The Proms are back, hoorah, and along with them the nightly treat on Radio 3 of interval talks: those 20-minute sessions of directed chat, either through an interview or often just one person speaking about an idea, a memory, a transformative experience. It’s the perfect radio format: long enough to have some real content but not too long to permit the invasion of those distracting thoughts that swirl around like angry bluebottles, waiting for the right moment to settle and take over your mind.
On TV such few precious minutes would be gone in a flish-flash of camera angles and tricksy music; on radio you can be taken right inside a person’s head. This year in a weekly slot, My Summer Job, five writers have been talking straight to mike about their experiences of working in the kind of temporary jobs that promise no rewards or star-making potential.
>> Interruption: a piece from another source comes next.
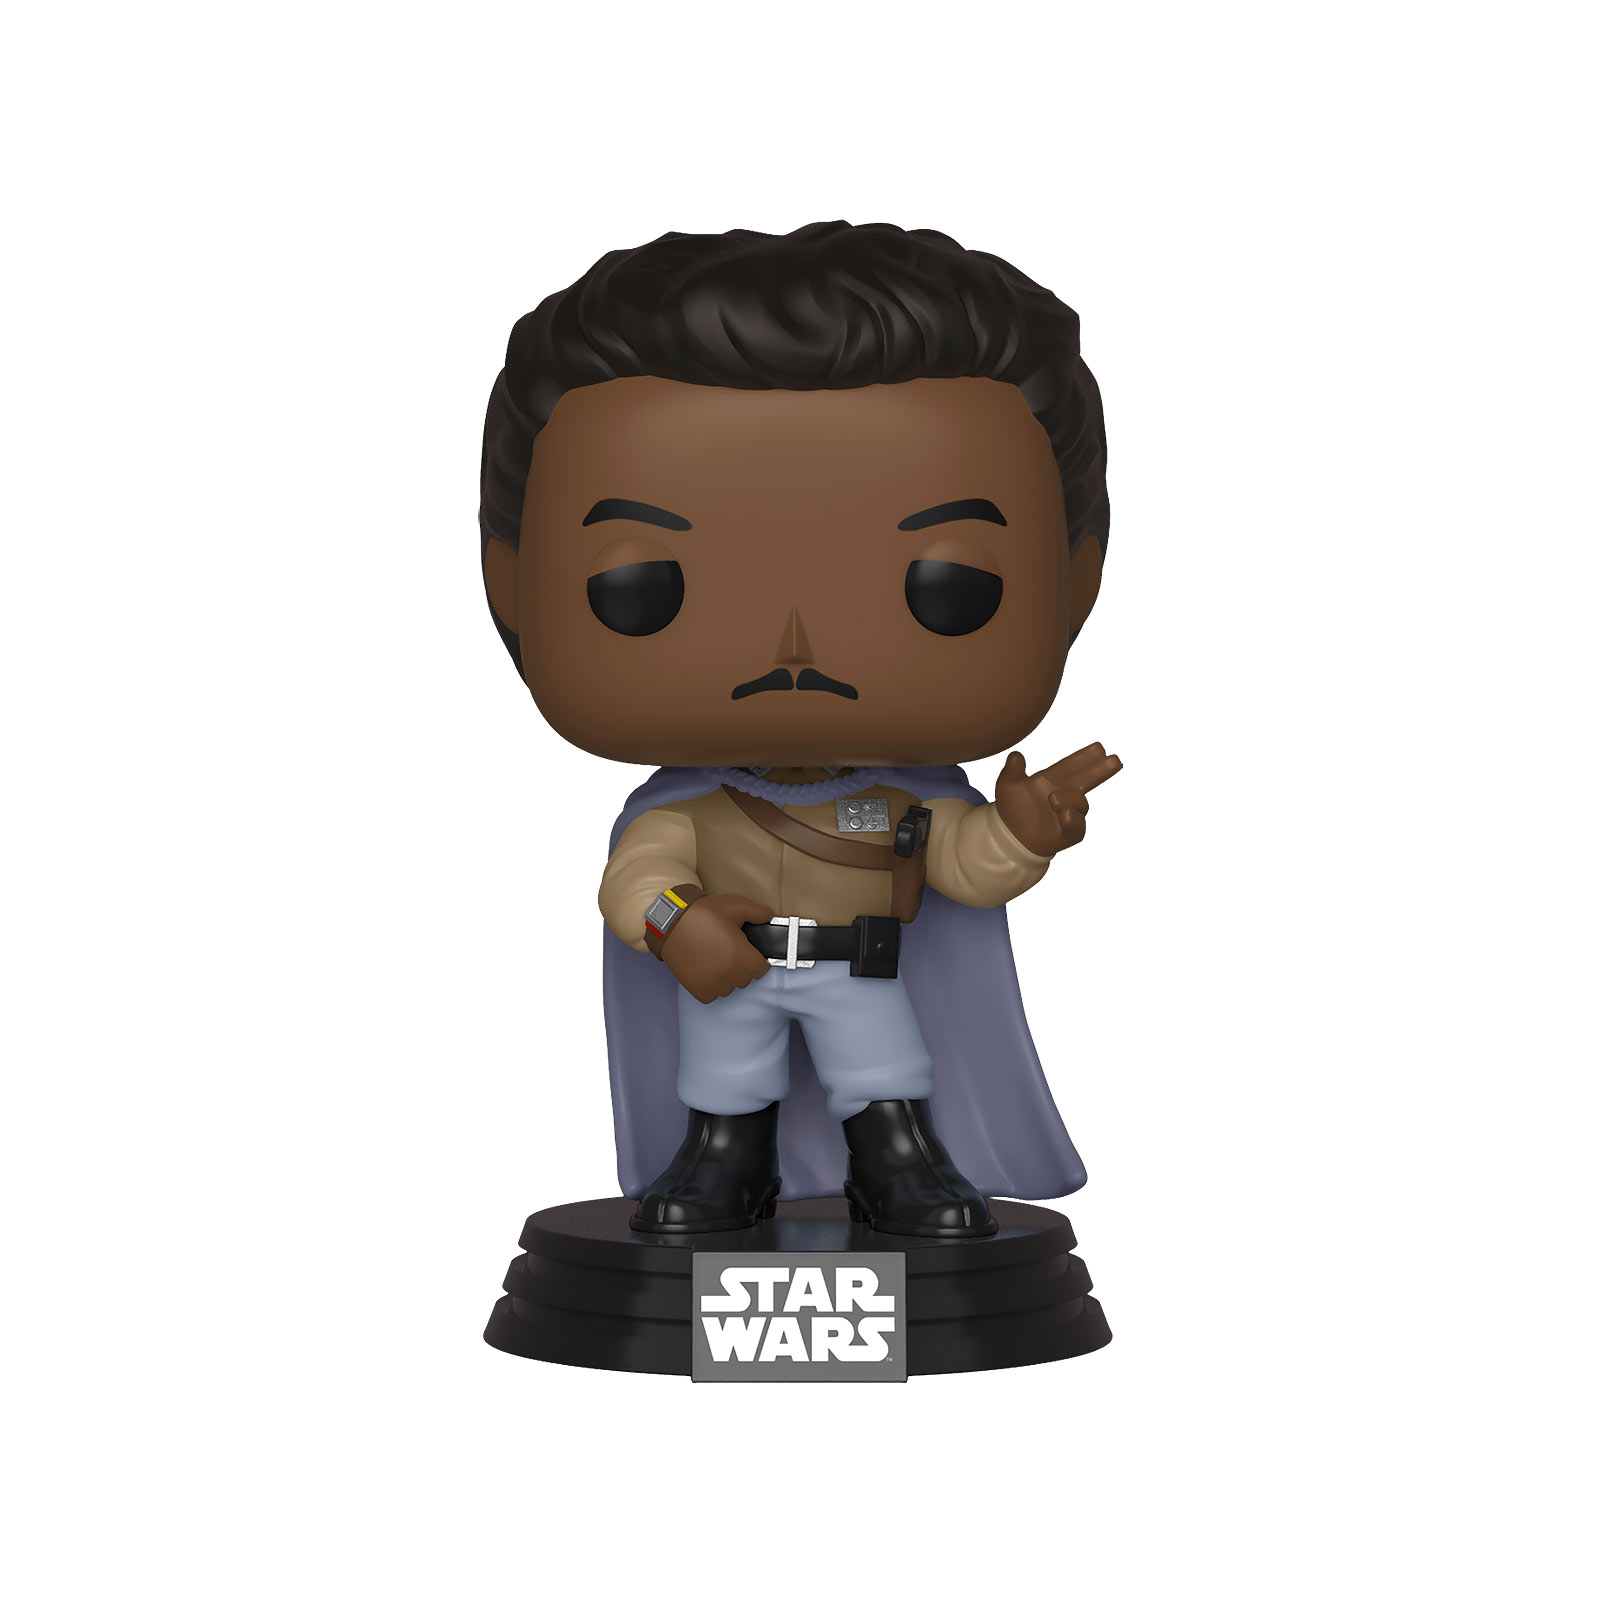 Star Wars - Général Lando Calrissian Figurine Funko Pop à tête branlante

If, perchance, David Willetts is a Radio 3 fan and has heard them, he might perhaps be persuaded to rethink his desperate suggestion (as the Minister for Universities and Skills) that graduates without the prospect of finding a job worthy of their qualifications should set up their own businesses. Such an idea would have seemed laughable to us back in the not-so-distant (ha ha) Seventies. Not for us the now-ubiquitous ‘gap year’, but the chance to pick up a bit of life — and more usefully — work ‘experience’ here at home.
Such jobs were often very ‘menial’, or rather manual. The increasing popularity of vegetarianism in the Seventies could be said to have occurred because so many of us spent our summers stuffing sausages and plucking chickens to pay our way across Europe from Folkestone to Istanbul. It was in these years I first learnt how to handle a floor polisher without cutting off a patient from the life-saving drip beside their bed (not a skill I’ve had much use for since). We needed such grounding after our privileged months of daydreaming out of library windows. It’s always useful to experience how organisations work (or fail to function) from the bottom up.
This week we heard from Joe Queenan, who spent the summer of love (1969 for the uninitiated) on the graveyard shift at his local bubblegum factory in Philadelphia where he grew up. It made him feel, he said, ‘like a man’, or if not a man at least he could masquerade as one. His family was ‘working class’ and didn’t approve of his obsession with reading Tacitus, Euripides, the works of Molière and Guy de Maupassant. Far more understandable was his useful employment at the factory, stamping down a mountain of rotting bubblegum in a trash compactor while fending off the army of hungry rats that flourished in its foothills.
His need to earn enough to sustain him for a whole year away from home at college forced him to take another job during the day, pumping gas at the local filling station. The difference between the two working communities taught him a lot about American society for, at the bubblegum factory, African-Americans worked alongside their white American colleagues, and the atmosphere was much more collegiate. At the gas station it was whites-only and the atmosphere was ridden with class, not racial tensions. Most of all he began to understand why he and his father could not get along, his father trapped in a miserable job going nowhere (as a hospital security guard) and being forced to stand aside watching while his children got the life he so desperately wanted.
Next week the novelist Julia Blackburn recalls a job she once took while living for a few months on the island of Majorca in the late Sixties. She was hoping to write a novel but soon ran out of cash and was forced to become a lexicographer preparing the letters ‘H’ and ‘L’ for a new dictionary, being published by Nelson, to sell to the fast-increasing numbers of international students desperate to learn colloquial, informal modern-day English.
Blackburn now realises that she failed to write her novel because she had discovered she was ‘frightened’ of words, of their capacity to swallow up, or distort, your intentions; of their refusal to be pinned down. Looking back on her dictionary-making experience, she has discovered not just that, as Dr Johnson did 200 years earlier, she began to ‘forgive’ words for their lack of absolute clarity and to enjoy the journey from hazardous to haze and from lop-sided to loquacious. She also wrote into her definitions an account in miniature of her own experiences at the time: ‘They lived together in perfect harmony’; ‘He tended to hang out in the café’; ‘She tried to hide her tears’; ‘I shall be wise hereafter’.